On The Universal Fire (Fluff and Gravy Records), his first album of original material since 2018’s Blood Brothers, troubadour Jeffrey Foucault traverses the valleys of loss as he takes a spin through a diverse swath of musical territories.

Bleak, droning strings open the album’s first track, “Winter Count,” leading into somber, gospel-inflected piano chords that lay beneath Foucault’s grizzled, yearning vocals, evoking the dreary desolation of the season and irreparable loss. The title track, a Jackson Browne-like propulsive folk rocker with screaming leads on the instrumental bridge, catalogs the loss of the musical past that occurred in the 2008 fire at California’s Universal Studios in which the master recordings—“the iteration of a life”—of many of our iconic musicians such as “Muddy, Lady Day, and Coltrane” were burned. “Solo Modelo” rocks steady along an up tempo Latin rhythm propelled by punchy percussion, while cascading steel guitar notes introduce “Monterey Rain,” mimicking the cheerlessness that often rolls into our lives just as the rain dampens the world around us. “Night Shift,” an ode to life on the road, burns down the roadhouse with its straight-ahead raucous rockabilly.
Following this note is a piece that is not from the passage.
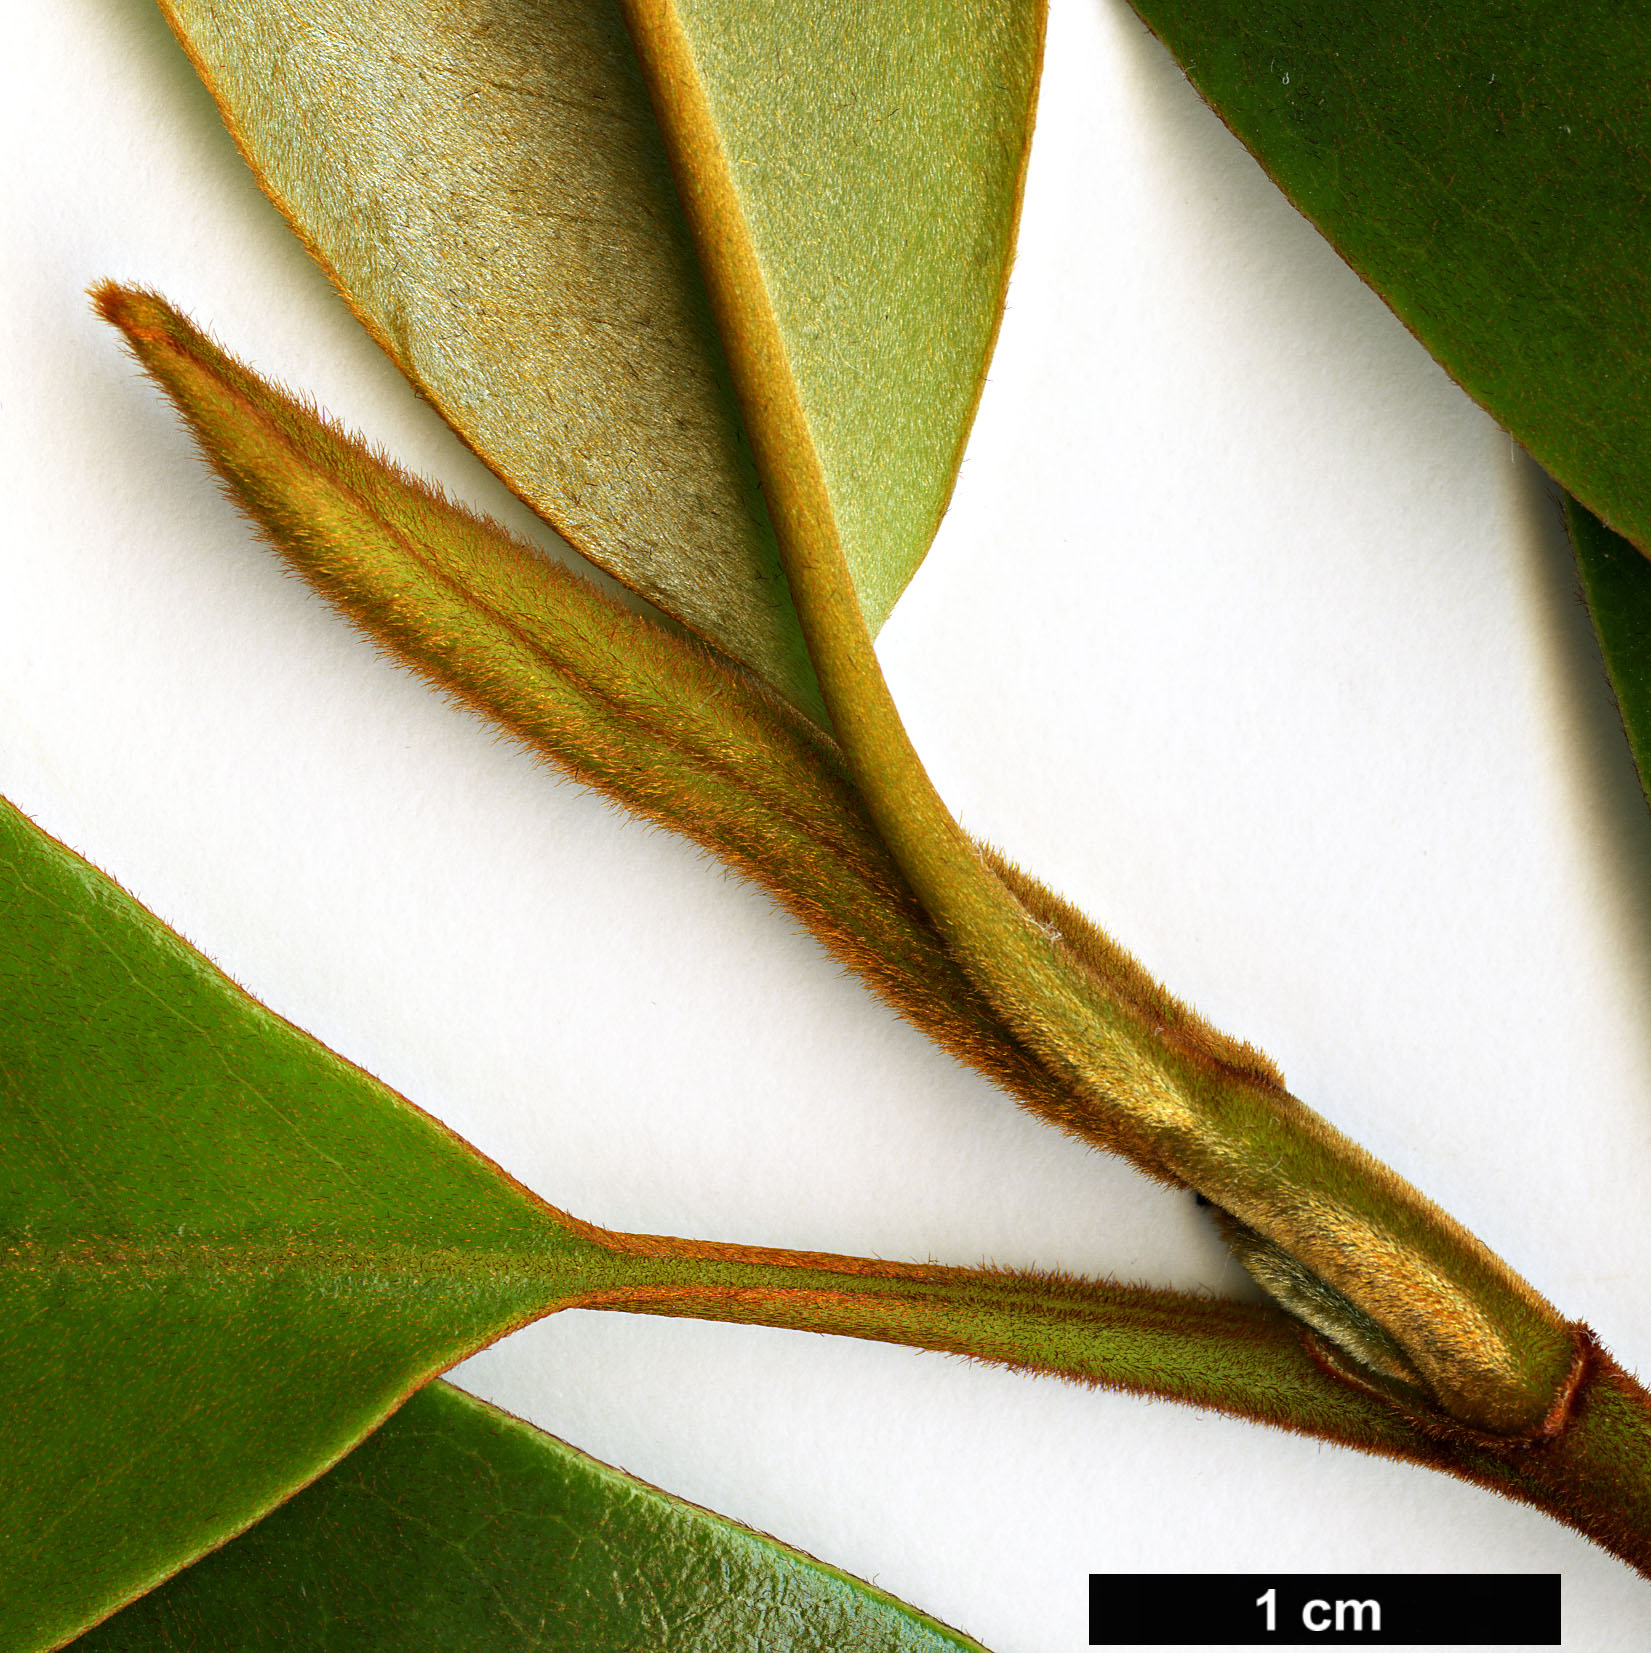 High resolution image: Family: Magnoliaceae - Genus: Magnolia - Taxon: macclurei - SpeciesSub: var. sublanea
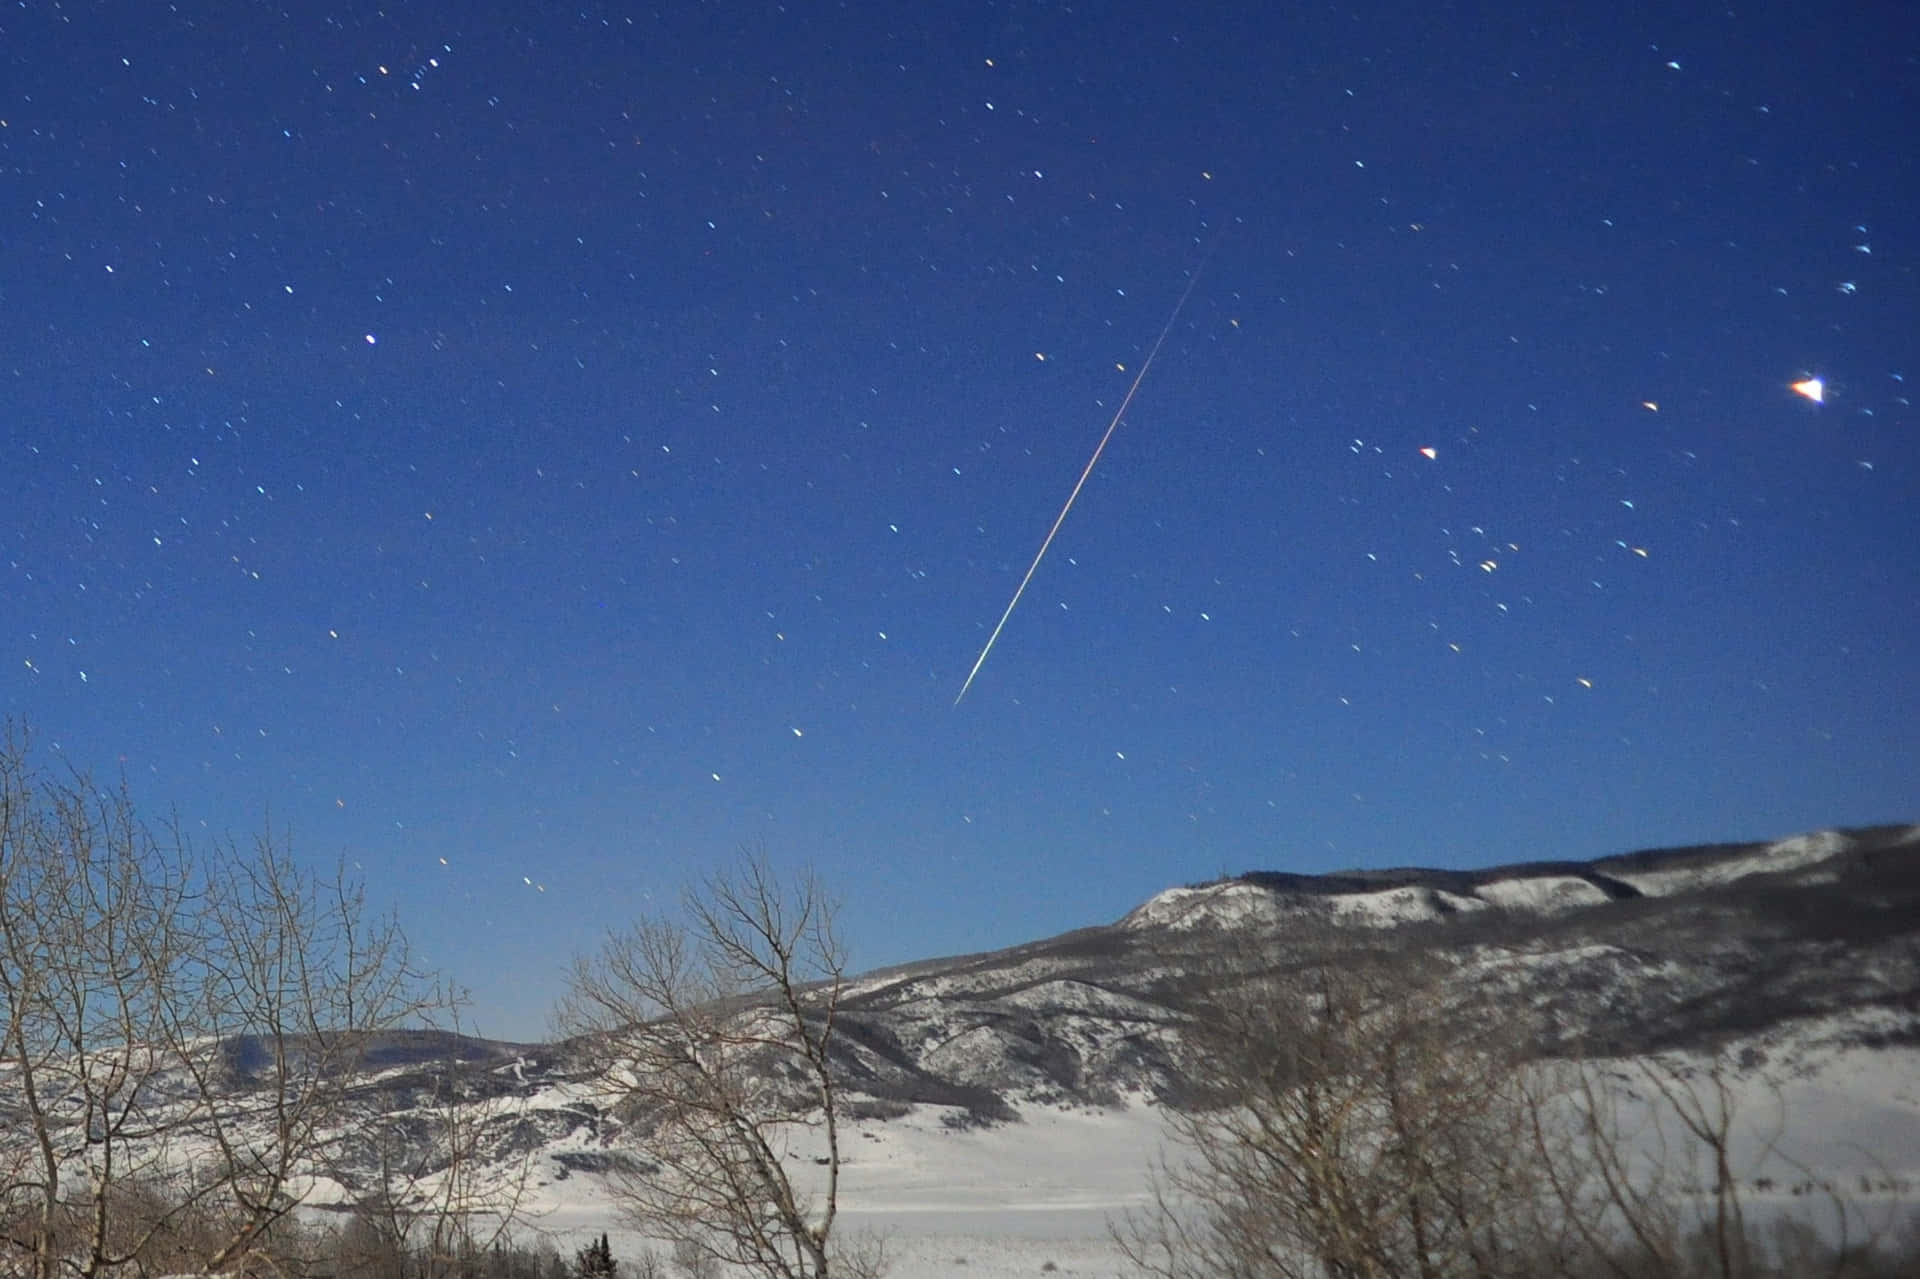 A Brilliant Meteor in the Night Sky

Foucault sings over gently finger-picked guitar on the meditative “East of Sunrise,” a testimony to the brevity of life and love, while the Calypso country folk song “Sometimes Love” testifies to the fleeting joys of love.

The Universal Fire showcases once again Foucault’s lyrical ingenuity and his down-to-the-bone vocals that convey the emotional depth of the human struggle to pull joy out of despair.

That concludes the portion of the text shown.